Weaponizing this is unhealthy. It doesn't end well. The reason normal people can't do X and an addict can is because an addict is making egregious trade-offs.

"I know I'm going to mess up my shoulder for the rest of my life, but I'm going to bench heavy anyway"

"I know I haven't seen my kids in a month, but I'm going to shut myself away and work on my side business anyway"

It's collapsing your entire life into a single, simplistic max/min function. It's a quick path to misery.



I'm reminded of a quote from J. M. Barrie, the author of Peter Pan: "You can have anything in life if you will sacrifice everything else for it." I once thought it was, and have often seen it used as, an inspirational quote until I later read another opinion that it was a warning of the dangers of being too single focused.


I simply take it as a description of reality.

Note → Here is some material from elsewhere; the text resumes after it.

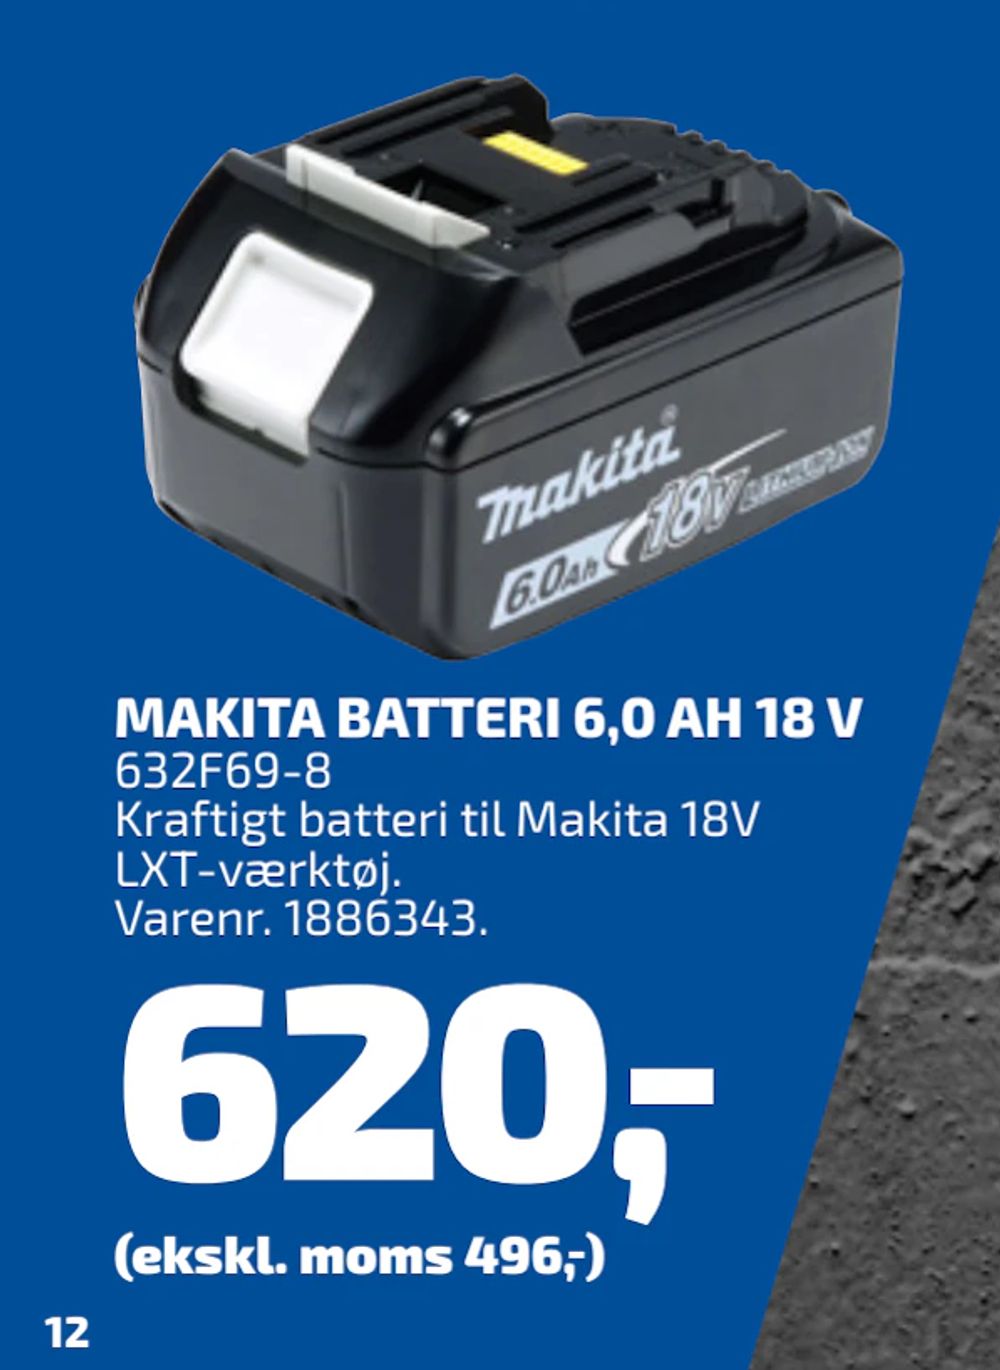 Tilbud på MAKITA BATTERI 6,0 AH 18 V fra Davidsen til 620 kr.
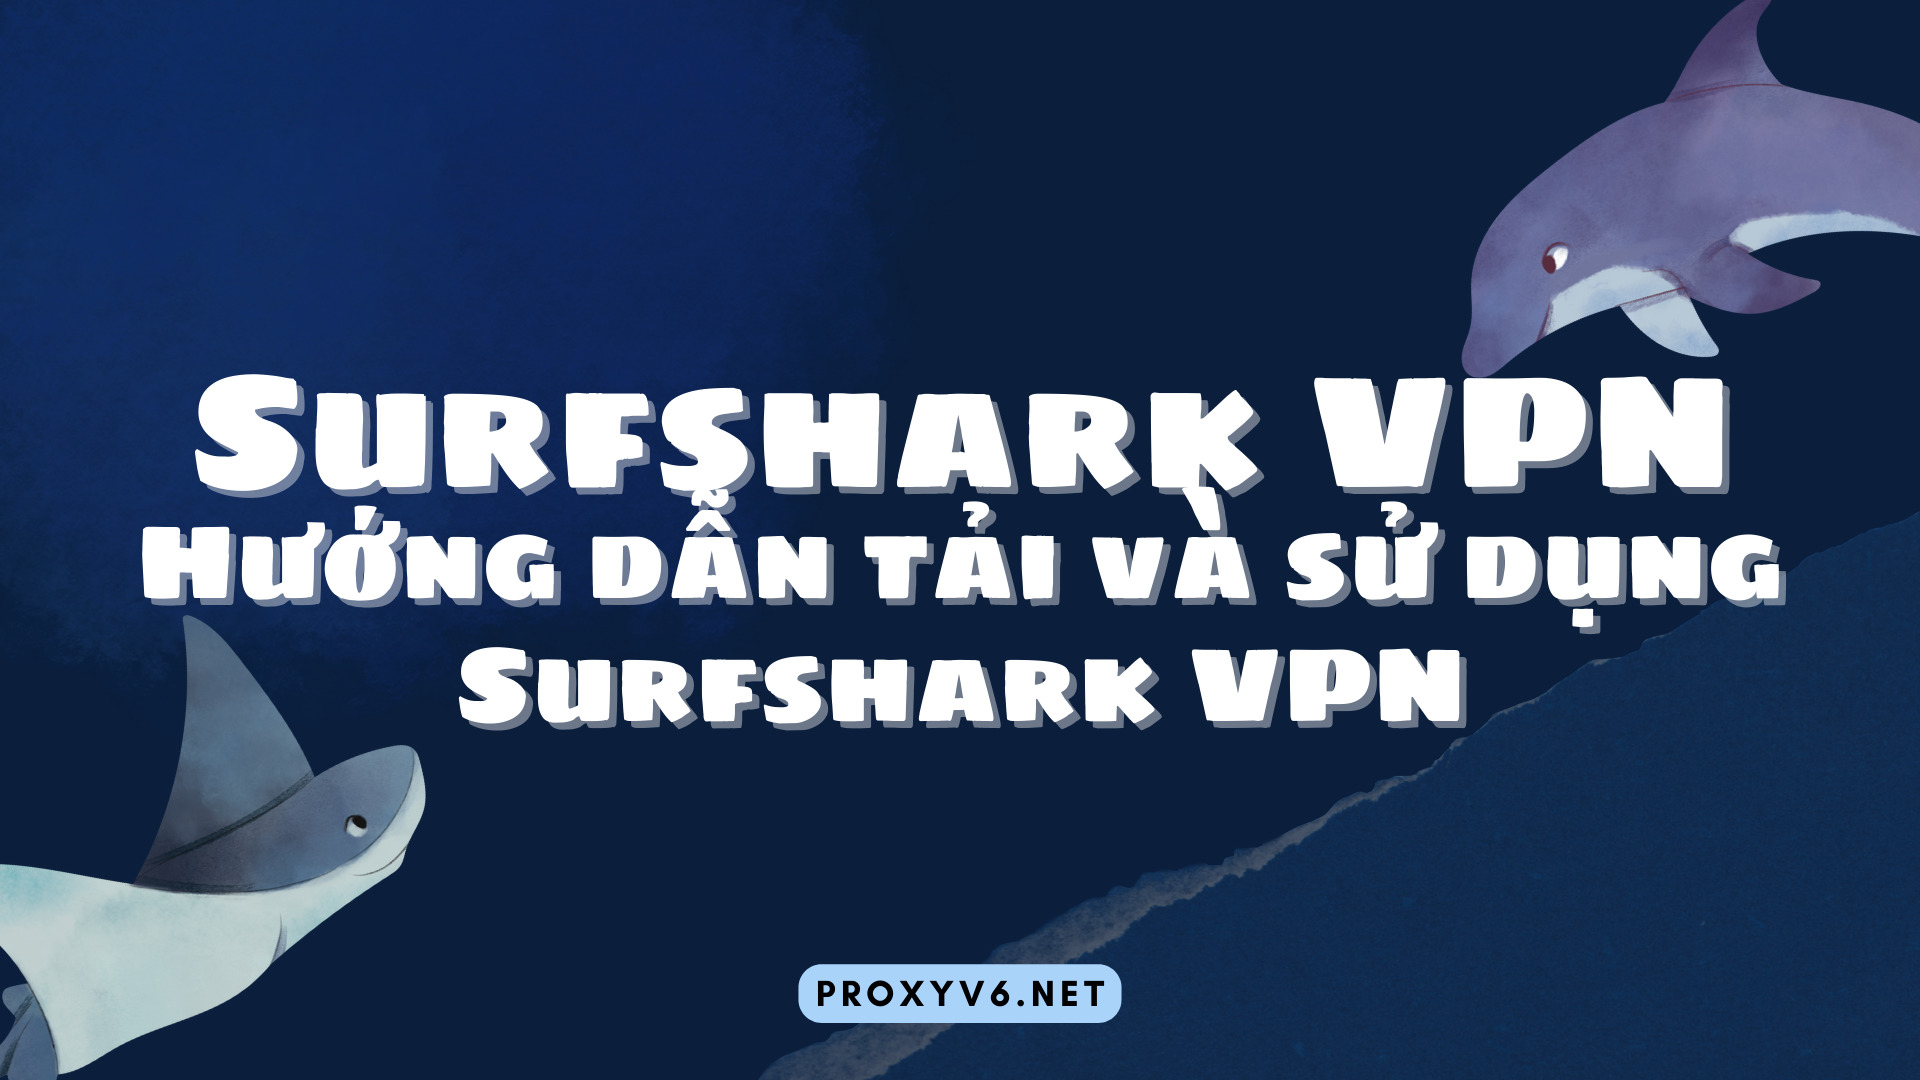 Surfshark VPN - Hướng dẫn tải và sử dụng Surfshark VPN

As a child, you are nothing yet, but you have the potential to become almost anything. As you get older, you trade in that potential for something specific. It's up to you to choose. You can trade all your potential for one thing only or you can divide it up to become multiple things. The right balance is debatable. The real danger lies in taking it to the limit. If you try to become everything, you divide your potential up into infinitesimal pieces and end up remaining nothing at all, a child.

In any case, there is some real wisdom in Peter Pan, but it was completely lost on me as a child.


I don't claim to be well-read on the topic, but this reminds me of Kierkegaard's infinite and finite.

"A human being is a synthesis of the infinite and the finite, of the temporal and the eternal, of freedom and necessity, in short, a synthesis."